Miami, florida — Former President Donald Trump said in an interview posted Thursday he wants to give automatic green cards to foreign students who graduate from U.S. colleges, a sharp departure from the anti-immigrant rhetoric he typically uses on the campaign trail.

Trump was asked about plans for companies to be able to import the “best and brightest” in a podcast taped Wednesday with venture capitalists and tech investors called the “All-In.”

“What I want to do, and what I will do is, you graduate from a college, I think you should get automatically as part of your diploma a green card to be able to stay in this country. And that includes junior colleges, too, anybody graduates from a college. You go there for two years or four years,” he said, vowing to address this concern on day one if he is elected president in November.

Immigration has been Trump’s signature issue during his 2024 bid to return to the White House. His suggestion that he would offer green cards — documents that confer a pathway to U.S. citizenship — to potentially hundreds of thousands of foreign graduates would represent a sweeping expansion of America’s immigration system that sharply diverges from his most common messages on foreigners.

Trump often says during his rallies that immigrants who are in the country illegally endanger public safety and steal jobs and government resources. He once suggested that they are “poisoning the blood of our country.” He has promised to carry out the largest deportation operation in U.S. history if elected.

Trump and his allies often say they distinguish between people entering illegally versus legally. But during his administration, Trump also proposed curbs on legal immigration such as family-based visas and the visa lottery program.

Right after taking office in 2017, he issued his “Buy American and Hire American” executive order, directing Cabinet members to suggest reforms to ensure that business visas were awarded only to the highest-paid or most-skilled applicants to protect American workers.

He has previously said the H1-B program commonly used by companies to hire foreign workers temporarily — a program he has used in the past — was “very bad” and used by tech companies to get foreign workers for lower pay.

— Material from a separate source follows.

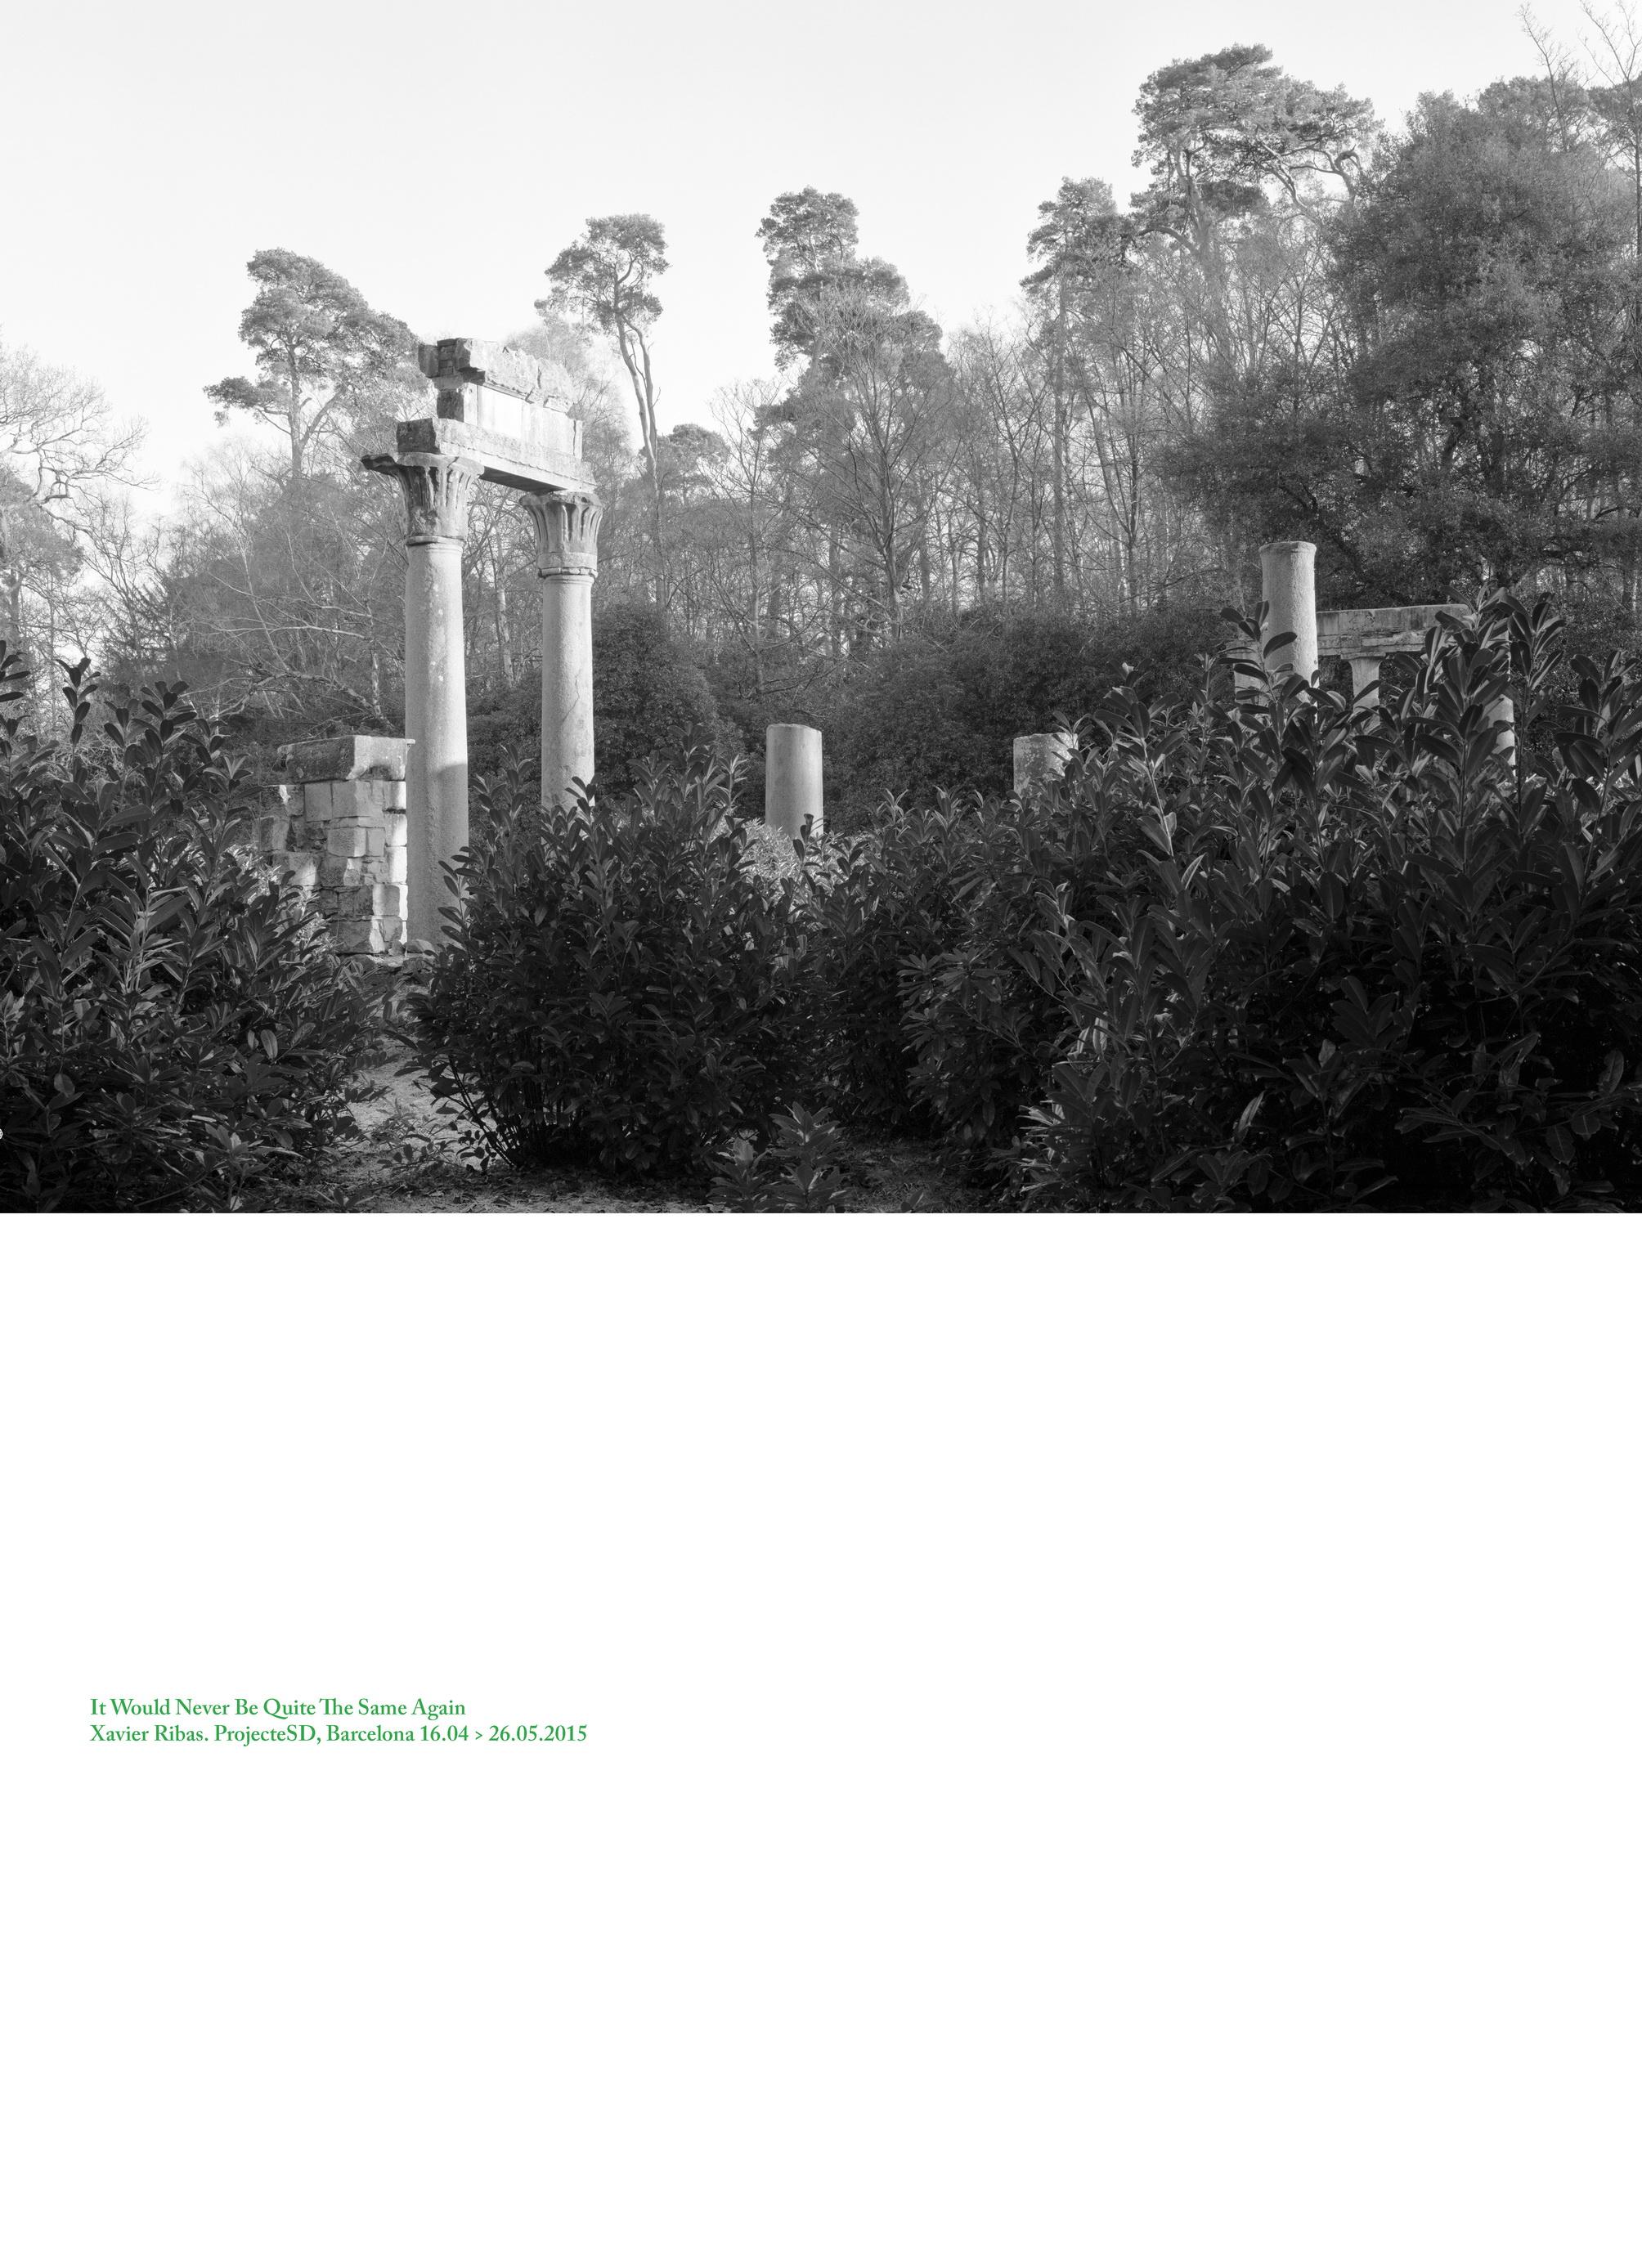 | Poster 03-PSD | ProjecteSD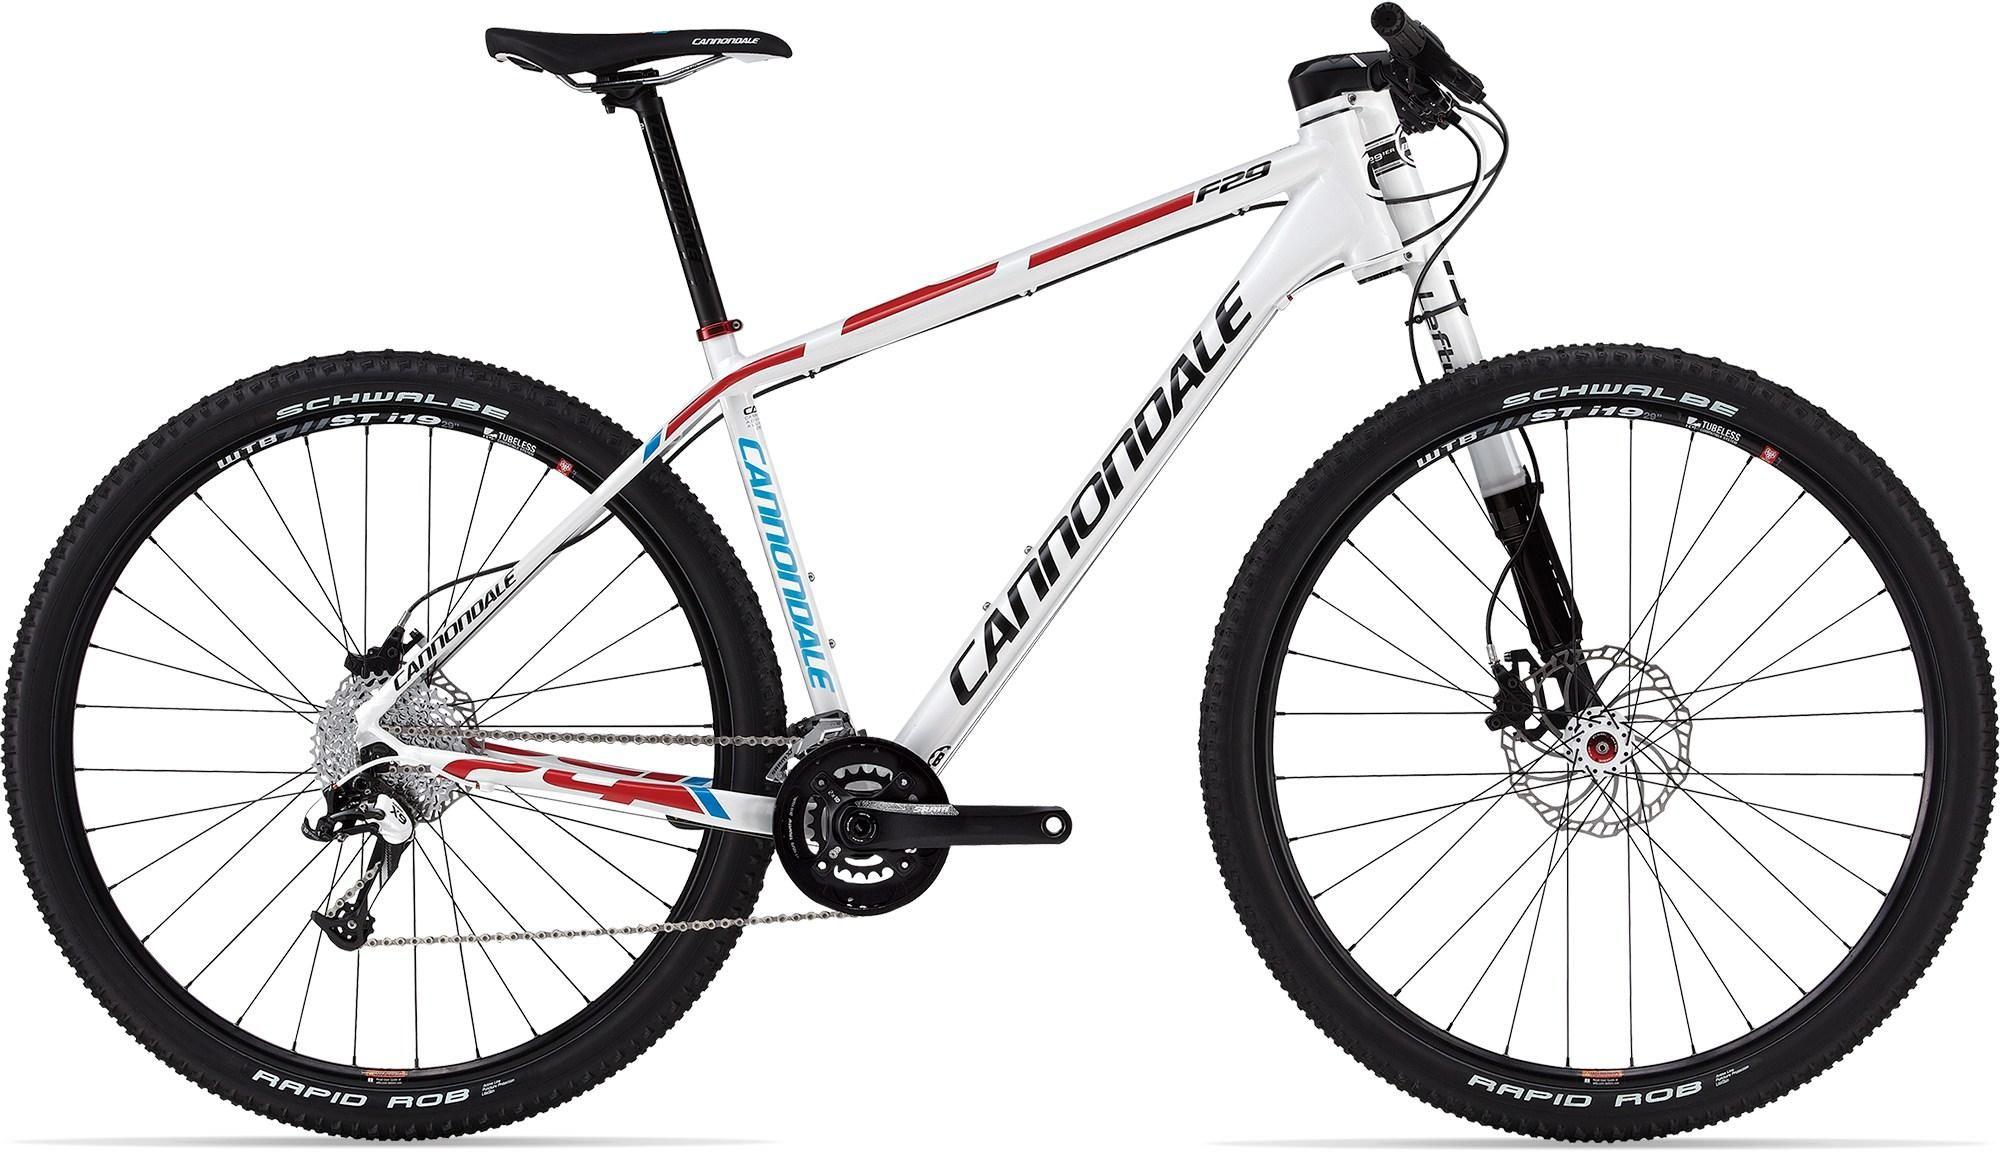 Cannondale F29 Alloy 1 Bike 2013 Hardtail Mountain Bike Giant Bicycle 29er Mountain Bikes

During the conversation with “All-In,” Trump blamed the coronavirus pandemic for being unable to implement these measures while he was president. He said he knew of stories of people who graduated from top colleges and want to stay in the U.S. but can’t secure visas to do so, forcing them to return to their native countries, specifically naming India and China. He said they go on and become multibillionaires, employing thousands of workers.

“You need a pool of people to work for your company,” Trump said. “And they have to be smart people. Not everybody can be less than smart. You need brilliant people.”

In a statement released hours after the podcast was posted, campaign press secretary Karoline Leavitt said: “President Trump has outlined the most aggressive vetting process in U.S. history, to exclude all communists, radical Islamists, Hamas supporters, America haters and public charges. He believes, only after such vetting has taken place, we ought to keep the most skilled graduates who can make significant contributions to America. This would only apply to the most thoroughly vetted college graduates who would never undercut American wages or workers.”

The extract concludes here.